Fin doesn’t rely on data, context, or a frontier model, but rather on its own specially developed Fin Apex models to resolve its tickets. Casey, on the other hand, relies more on data and context from the Salesforce platform. Salesforce must have been hugely impressed, given the $3.6 billion acquisition. This might lead one to conclude that data and context aren’t that important as long as you use an advanced model. But when you look at the full picture, we can draw a parallel here with Koa: a proprietary model is significantly cheaper than a frontier model.

This brings us back to tokenomics: the more optimized the dataset, context, and actions, the fewer tokens are needed. Salesforce can now combine this technology with an optimized model in the form of Fin Apex, giving it the best of both worlds. This combination will also increase the speed, which is critical for live conversations.

The future of Fin and Casey is therefore straightforward: Fin excels at getting the most out of its own AI models, while Casey excels at optimizing the data and context. By combining these two worlds, Salesforce will soon have exceptionally effective customer service agents at its disposal.

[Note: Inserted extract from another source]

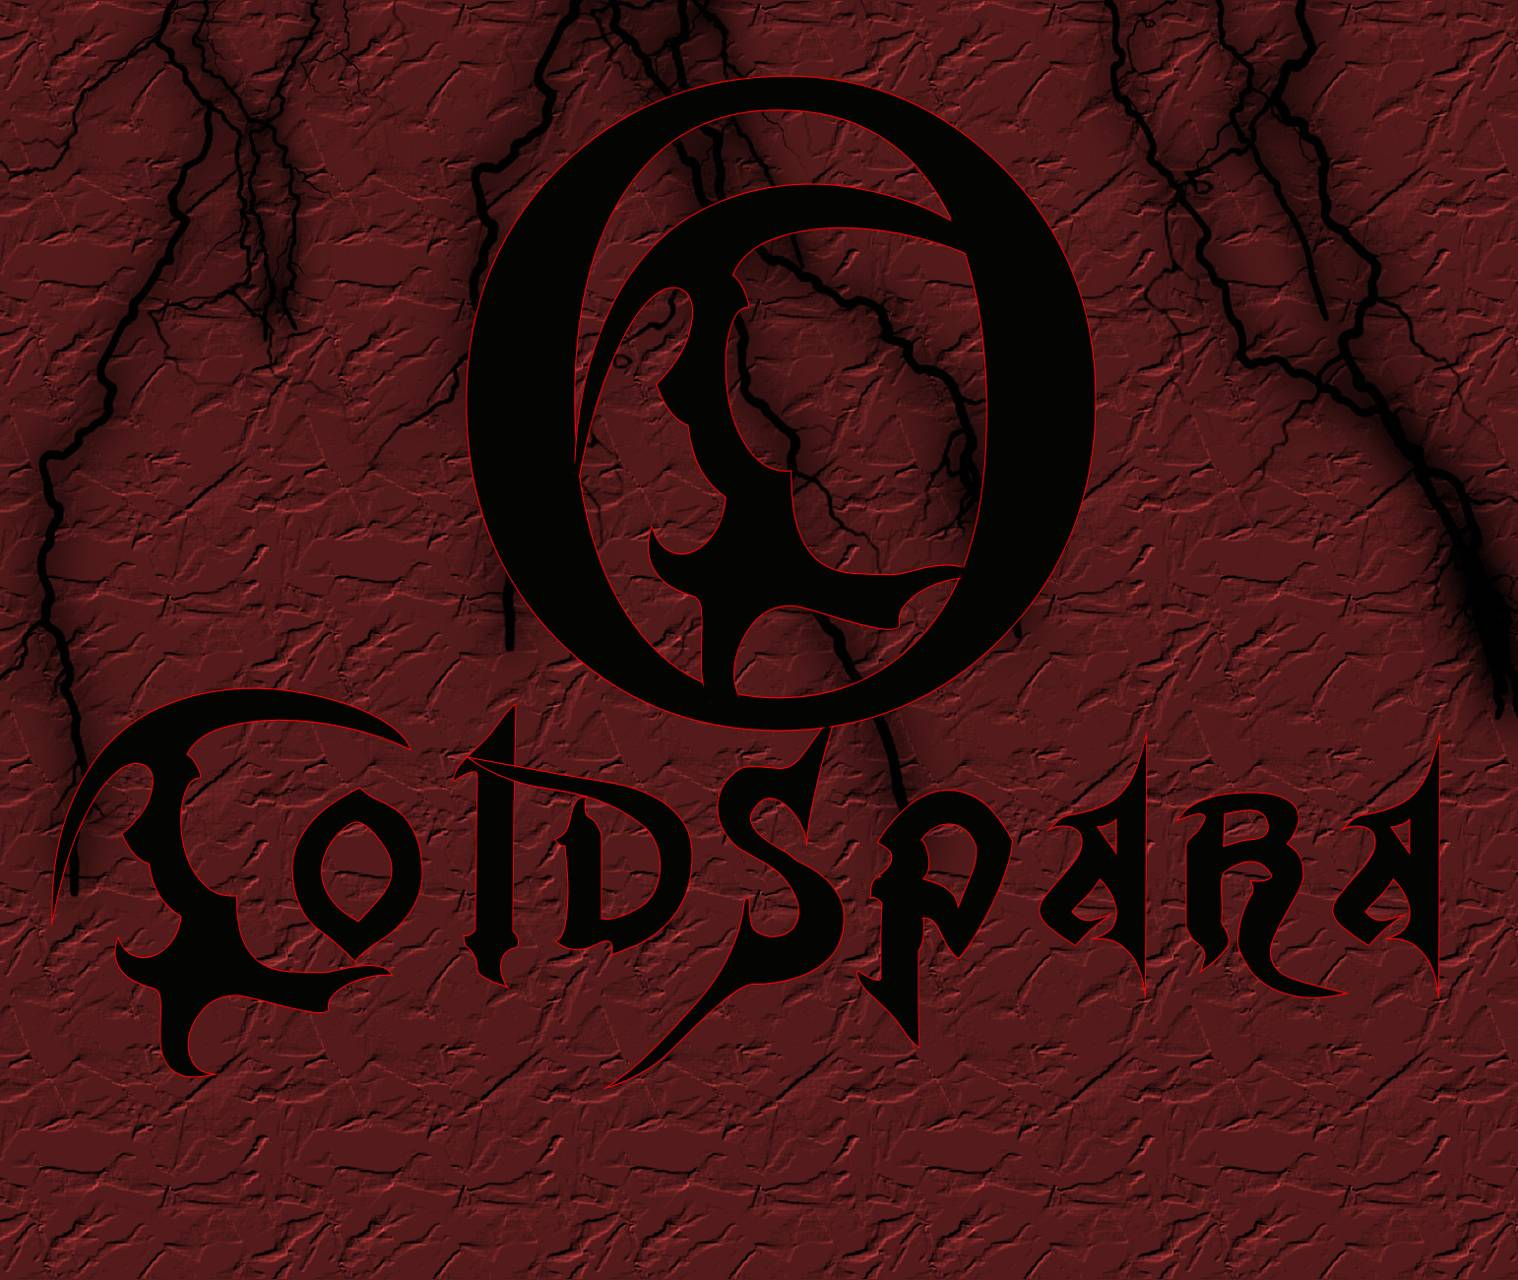 Coldspara Wallpaper

The future of Salesforce’s AI agents

Returning to Rohan Kumar’s statement about how important data, context, and the right actions are, and that they are more important than the AI model itself, that is the entire vision and philosophy upon which Salesforce has built its strategy.

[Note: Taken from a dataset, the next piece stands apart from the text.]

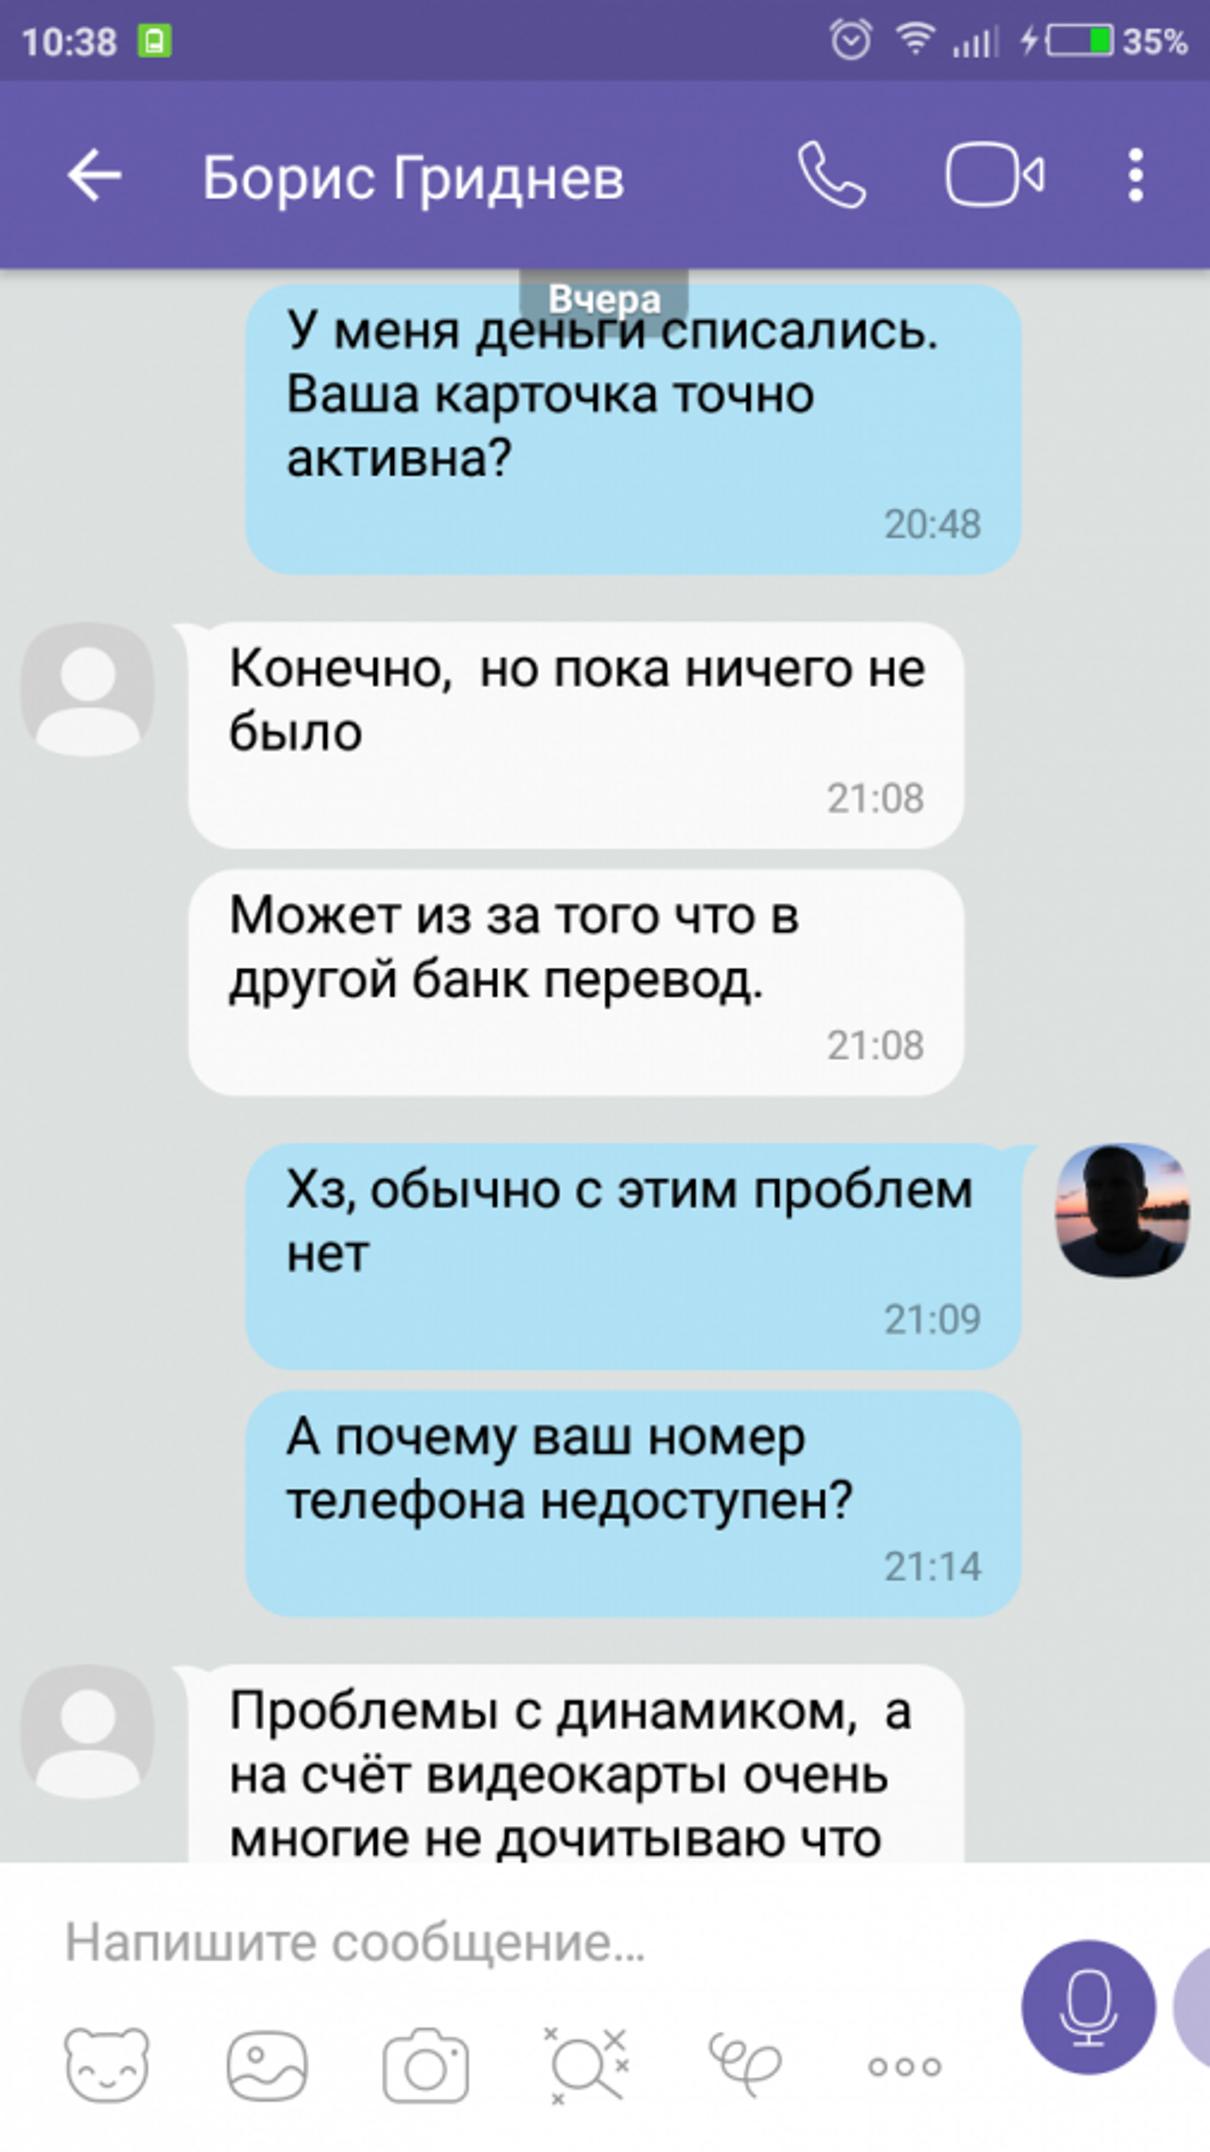 Жалоба-отзыв: Борис Гриднев - Мошенник с OLX, кидает на предоплату.  Фото №4

There’s nothing wrong with that vision and strategy; we’re seeing this across the industry, with companies working hard to optimize AI input. Tokenomics is also a widely discussed topic when it comes to selecting the right AI model for the right action. Many major vendors are doing exactly the same thing as Salesforce in this area.

It is telling, however, that Salesforce is shelling out billions for a company that owes its lead to its own domain-specific model rather than to data and context optimization. At first glance, this seems to run counter to the Salesforce vision. At the same time, it’s exactly the same conclusion Salesforce reached with Koa. For a well-defined domain, it pays to train your own model rather than rely on frontier models. In the coming year, the company will have to prove that it can truly combine these two worlds.

Today, with AIforce, Salesforce does finally connect the dots, but only on one floor. Claudeforce, Slackforce and Agentforce Coworker are presented as a single interface layer on top of Data 360, Customer 360 and Agentforce. The model layer is absent from that picture. Koa doesn’t appear in it, and neither does the reason it exists.

Where Salesforce has missed the mark a bit is in its communication over the past few weeks. Salesforce released all announcements in isolation, without considering the bigger picture until today. As a result, the message about AI models seemed completely contradictory to the “Harness” narrative and the previously communicated strategy regarding context. However, there’s a much deeper story behind this that still hasn’t been discussed, as it’s a bit more technical. Hopefully, we’ve now provided the necessary clarification here.